Монах зашел по пояс, серая ткань была отброшена и поплыла по волнам, жилистые руки сжимали предмет… Они ожидала какой-нибудь книги, или шкатулки со святыми реликвиями, так как подсознательно уже сделала выводы и решила для себя. Вместо этого, Сита увидела некий механизм. Ее познаний в технике не хватило, чтобы идентифицировать его.
Блестящий корпус, какой-то винт, похожий на бур, трубки по бокам, сверху большая кнопка. Красная.
– Это… прошептал Тадао.
– Это бомба, - закончил Кельвин. – Планетарная бомба, едва активирую и опущу ее, она сама поплывет, отыщет расщелину и начнет забуриваться, пока не достигнет… как мне говорили, на весь процесс понадобится около месяца. По истечении этого срока, планеты Элизия больше не будет. Она расколется – сама уничтожит себя. Не будет больше этого рассадника разочарований, горя, несбывшихся надежд. Самим своим существованием, она отравляет мир, жизнь…
– Кельвин, ты бредишь…
– Я прилетел сюда за этим. Этой мой долг, мой крест, моя епитимья уничтожить это проклятое место. Хватит! Хватит разочарований и несбывшихся надежд, хватит разрушенных семей и отобранных у родителей детей, всего хватит!

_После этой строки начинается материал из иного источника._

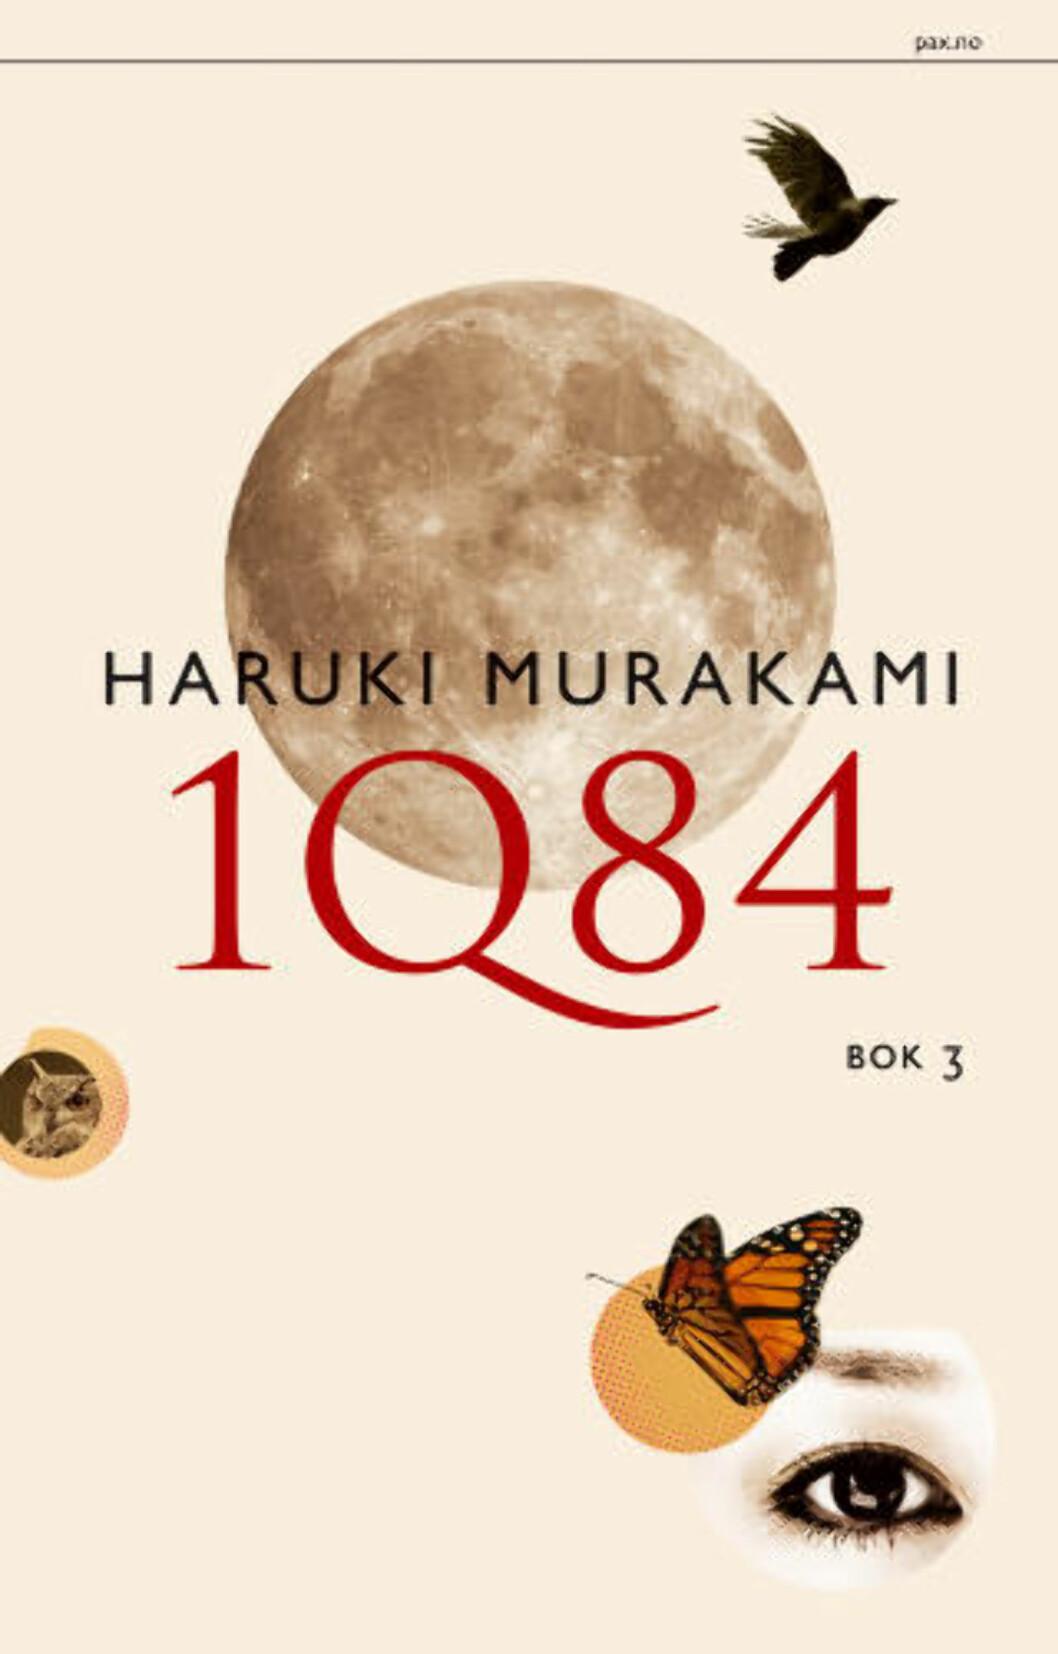 Bare Murakami kan lage stor litteratur av dette våset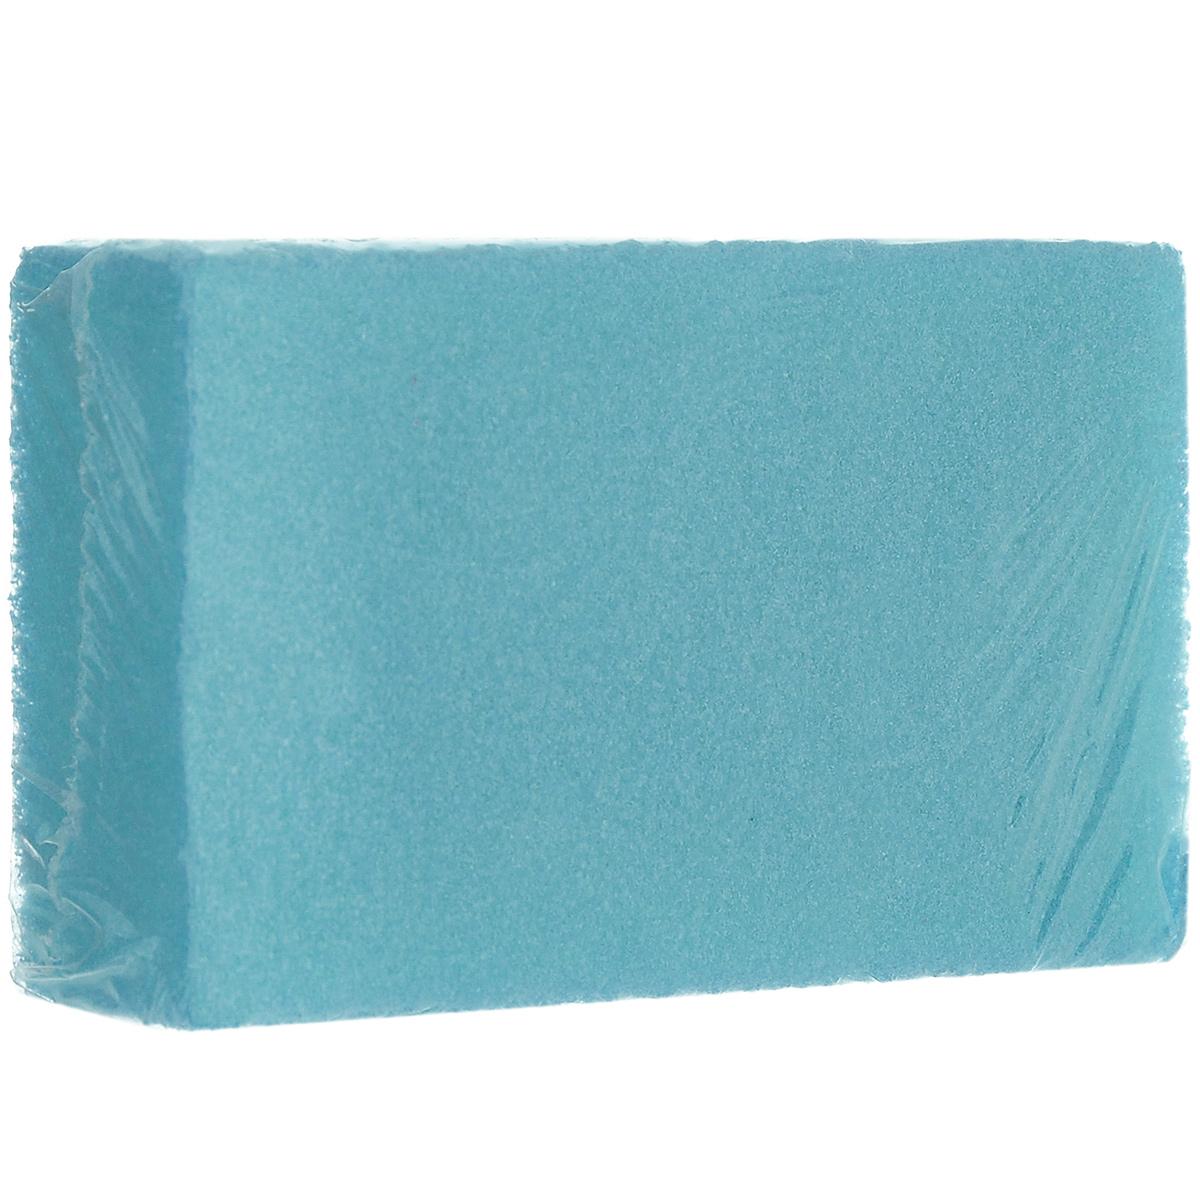 Пемза искусственная Eva, цвет: бирюзовый, 8 см х 5 см х 2,5 смТ74 бирюзаИскусственная пемза Eva изготовлена из пенополиуретана. Она в одно мгновение справиться с огрубевшей кожей ног. После ее использования кожа ваших ног станет гладкой и эластичной. Этот замечательный аксессуар пригодится и в ванной, и в бане.

Что он такое говорит. Разве можно…
– Кельвин, уничтожив планету, ты убьешь всех тех, кто живет на ней, - Тадао поднялся и начал приближаться к монаху.
– У них есть время улететь.
– Не у всех. Звездолет не вместит желающих, а даже, если и вместит, как рассказать, заставить поверить, если, будем говорить, что через месяц планеты не станет, над нами посмеются. А как, насчет больных, сумасшедших…
– Значит, это их путь, кто имеет уши – тот услышит, имеющий разум – поверит, остальные… прилетев на проклятую планету, знали на что шли.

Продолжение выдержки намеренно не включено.